The farmers of Irtah, a village near the West Bank market town of Tulkarem, can still see their land. But they haven’t had access to it for more than a year because the trenches, walls and barbed wire of Israel’s "security fence" lie between their hilltop homes and the fields. Now the Israeli army is threatening officially to confiscate the 500 dunams they are forbidden to access (1). The fate of this land is almost certainly determined: an industrial estate will be built astride the fence, funded jointly by the Israeli authorities and Palestinian entrepreneurs. The farmers, left without land, will have no choice but to work in the new factories for a minimum wage set at barely a third of Israel’s official minimum.

Tulkarem is not alone. While the fence is a long way from being finished (200km out of a planned 700km have been built), Israel’s minister for industry, trade and employment, Ehud Olmert, is pressing for a chain of industrial estates to be set up along its length. Some sections of the army, especially those engaged in patrolling the Palestinian territories, consider this project as a continuation of the fence.

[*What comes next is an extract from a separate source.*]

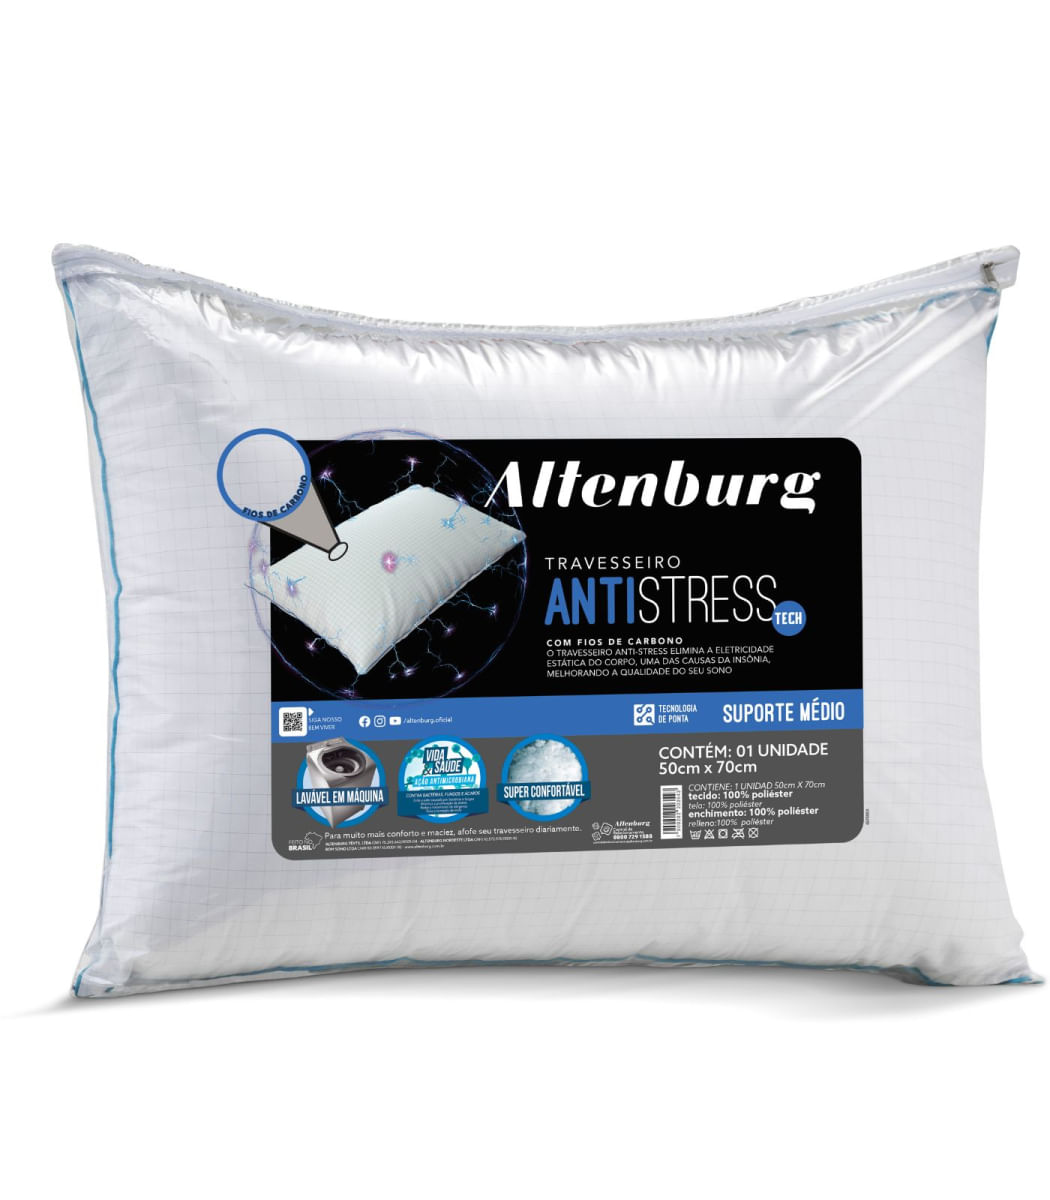 Travesseiro Altenburg Antistress Branco UN / Branco

"You’ll see, it will be very nice," said the commander of Tulkarem’s military headquarters as he inspected a gate in the wall, which encroaches on Palestinian territory by almost 3km. The Middle East division manager at the industry and trade ministry, Gabi Bar, said: "We will set up an industrial park here and it will be just fine. The Palestinians really need sites like this."

If the security situation were not so delicate, these estates might be built in the Nablus area: as it is, lining them up along the wall is a less risky option. The idea is not new. After the 1993 Oslo accords Israeli and Palestinian officials agreed a plan to create nine industrial estates along the Green Line (2) in the West Bank and Gaza. From Jenin in the north to Rafah in the south, the estates were to provide jobs for some 100,000 Palestinians. With the start of the intifada, the plans had to be shelved. Days into the uprising, an angry mob of Palestinians burnt down the embryonic Buds of Peace estate near Tulkarem. Another estate, near the dam at Erez on the border between the Gaza Strip and Israel, has been frequently attacked by the Palestinian resistance.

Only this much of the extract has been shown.